About a week ago, Igor Chudov came across a Substack titled ‘Boostershots’. When he investigated, he discovered that Boostershots was the coordinating site of a “viruses do not exist” psychological operation (“psyop”). The site instructed people how to post on forums promoting the “no virus” theory and the Substack’s author(s) even bragged about getting people worked up about it.

We’re not saying everyone who posts “viruses do not exist” comments are part of this psyop, but what we are saying is that people need to be mindful that those who run psyops will infiltrate all sides of a debate in order to take control of the narrative to serve their purposes.  At all times, we need to take care and assess what we read and watch with wisdom and discernment, not only in corporate media but also on social media, independent media, blogs and citizen journalist sites. 

Also remember that just because certain words are repeated over and over again, it does not make them true.
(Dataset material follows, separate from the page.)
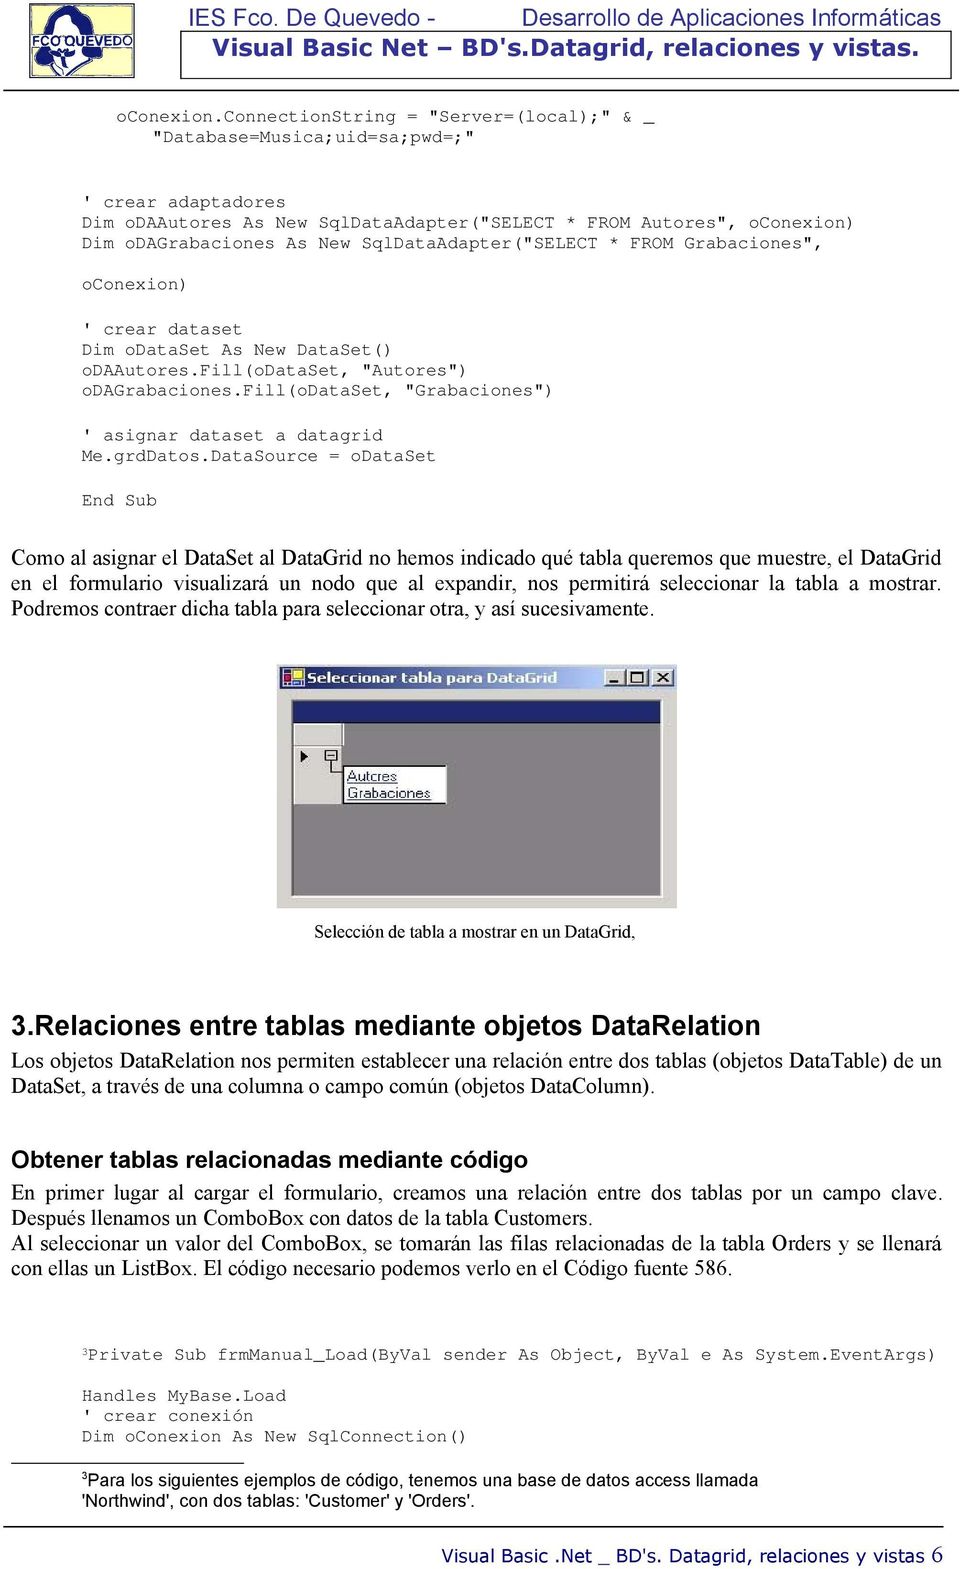 SqlDataAdapter("SELECT * FROM Grabaciones", oconexion) ' crear dataset Dim odataset As New DataSet() odaautores.fill(odataset, "Autores") odagrabaciones.

In fact, psyops use repetitive slogans – “build back better” comes to mind – to influence behaviour and perceptions.  But as soon as we ask, for example, “Build what? Better than what?” the slogan falls apart.  One indicator a statement is at least credible is whether it can withstand scrutiny – a repetitive slogan “viruses do not exist” providing no further information does not pass the scrutiny test, just as with the example of “build back better.” Another indicator is to look, for example, at the social media profile of the person commenting or posting to try to assess whether they appear genuine or not.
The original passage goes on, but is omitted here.